Significant Sig Mark Tipton, TULANE 1978

Significant Sig Mark Tipton, TULANE 1978, has decades of experience in the banking and financial industry. He is executive vice president and Georgia regional president of IBERIABANK's operations in the state of Georgia. He also is past chairman and CEO of Georgia Commerce Bank, which was acquired by IBERIABANK in 2015, and was head of commercial banking for First Union National Bank of Georgia. He is a member of the Fraternity’s Constantine Housing Initiative board, as well as the house corporation board for his undergraduate chapter, where he is a member of the Board of Tulane governing body at his alma mater.


Tipton spoke with Sigma Chi about the impact of the COVID-19 pandemic on small businesses and steps small businesses and individuals can take during this time.


You've had a lengthy career within the banking and financial industry. How does the current COVID-19 pandemic compare with some of the significant highs and lows within the industry over your career?


“I've been in banking now 40 years, and I thought I'd seen it all. I went through the Texas meltdown in the 1980s, and we had a meltdown during 2008 to 2010 where 90 banks failed in Georgia alone. This [pandemic] takes the cake. We're in uncharted territory because this was no fault of our own. This is a pandemic that came upon us, and we're all figuring out how to survive.”


What have been the steps you have taken at IBERIABANK, and how are small businesses responding to this?


“First and foremost, our bank is primarily focused on privately held owner-operated companies and small businesses of all sorts. If you look at the DNA of the bank, it was built on close relationships with small businesses all across our footprints. There are 30 million small businesses in the United States, and they really are the backbone of the U.S. economy. The government came out with the Paycheck Protection Program [PPP], and the idea was to bridge the gap until we can get the economy moving again by offering loans to cover payroll for a 60-day period so a lot of companies wouldn't have to lay off employees. Our bank, over a short period of time, has received 9,500 applications for a total of $1.9 billion. This is system-wide for IBERIA. We were able to reserve funds for 90 percent of those. I think that's one of the highest percentages for our clients. That was through a lot of hard work from the folks here at IBERIA, but it really was to take care of our customers. Our bank was able to work with 565 of our businesses for right at $207 million and reserve funds for them. Hopefully, that will help them navigate these troubled waters until the economy is safely moving again.”


We have a lot of small business owners in Sigma Chi, and many of them have already taken these steps. Outside of the PPP, what are some other steps that small business owners can be taking right now from a financial perspective?


“Relationships matter during this time. Get with your banker, your local banker, sit down and talk through your plan of action. Look at what your particular business needs [are] and put a particular plan in place. What I tell our customers is, ‘We're partners. We're in this together, and we'll work through it together.’ We're finding ways to work with those who are severely impacted. Some companies have leverage, some don't. Today it's important to be a realist because we're all in this together.


“One other thing: Congress is close to completing a new addition to this PPP plan. If folks haven't gotten with their bank, talk with them about it. It's first come, first serve and will move quickly. But I would encourage folks to sit down with their bank and see whether this makes sense for them to apply for.”


There are many individuals who have lost employment, but there are also individuals still fortunate to have jobs at this time. Once this clears, what are some steps individuals can take to prepare financially for a future pandemic or other national emergency?

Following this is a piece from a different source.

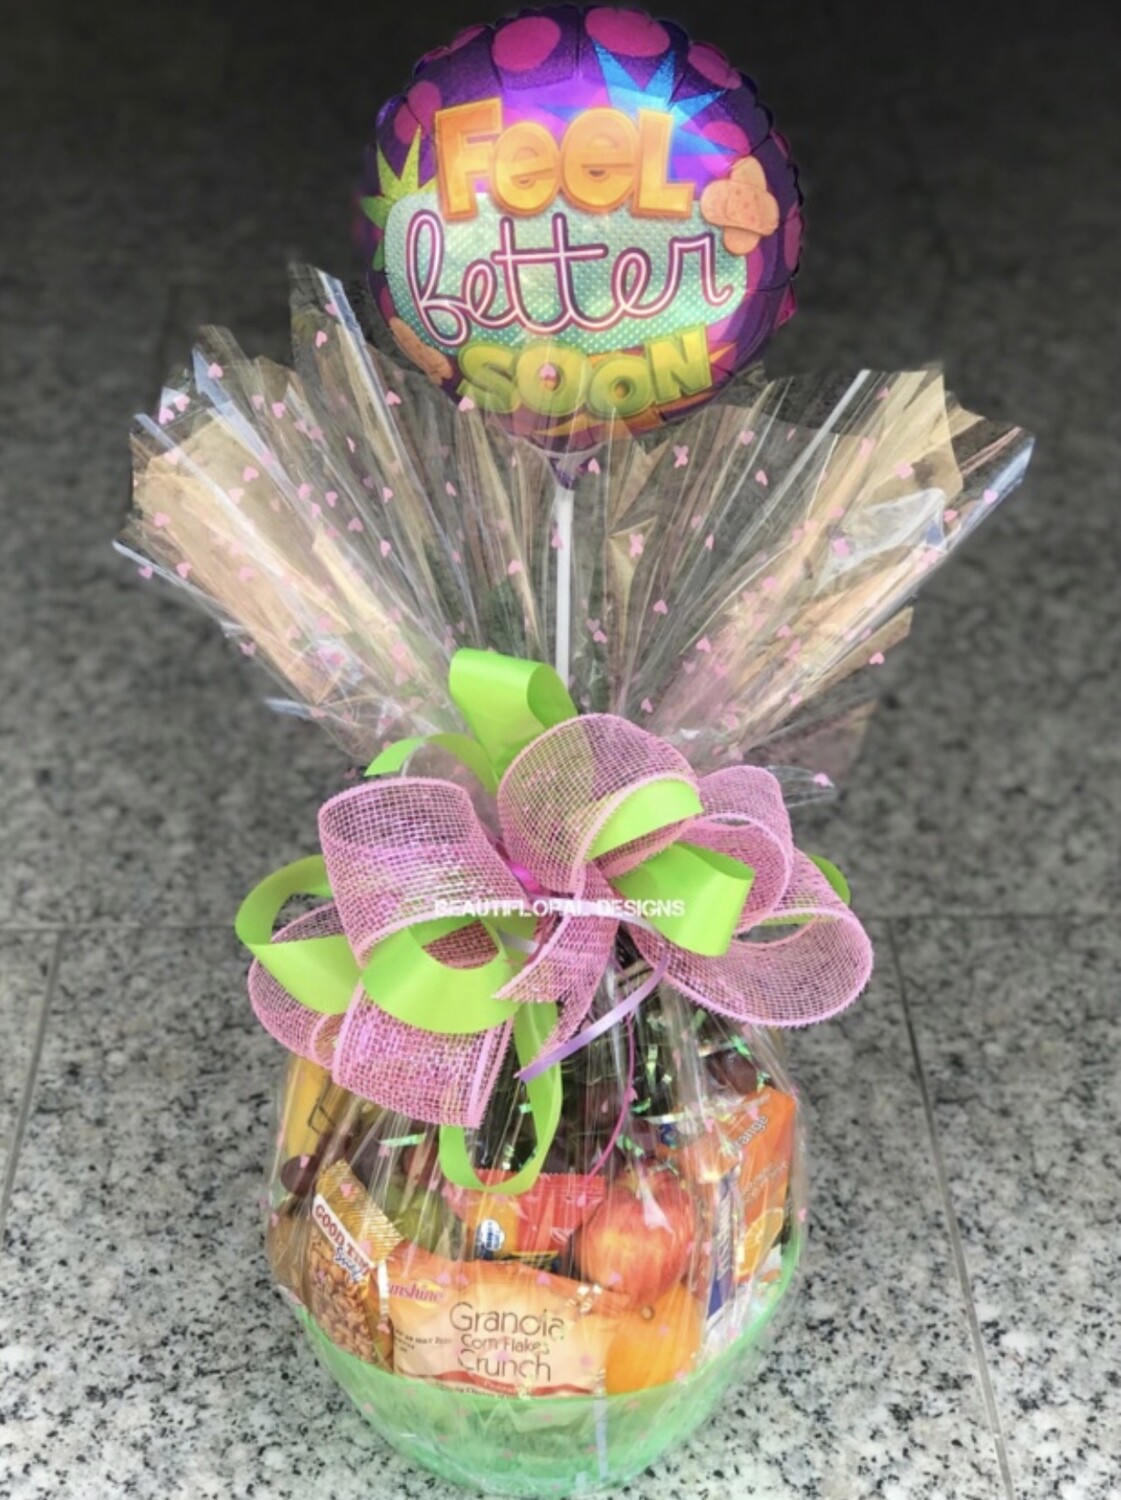 Fruit and snacks basket w/ balloon

“What this has driven home is you think you've planned for everything, then something like this happens. One takeaway is reserves, making sure that you, over time, build up some rainy-day money to be used for things that are totally unforeseen today. Banks set aside reserves for loans when we book them in the event that some of the good loans we make go bad. Liquidity is really important and the extent you can set aside money for unforeseen circumstances. Each plan, each company, each individual's situation is going to be different.


“It's easy to get caught up on the negative. There will be a light at the end of the tunnel. I think you're already seeing some of the states put together a plan. This too shall pass, and we'll work through it. I'm an optimist by nature. We've got the American spirit, the Sigma Chi spirit. It will get us through this.”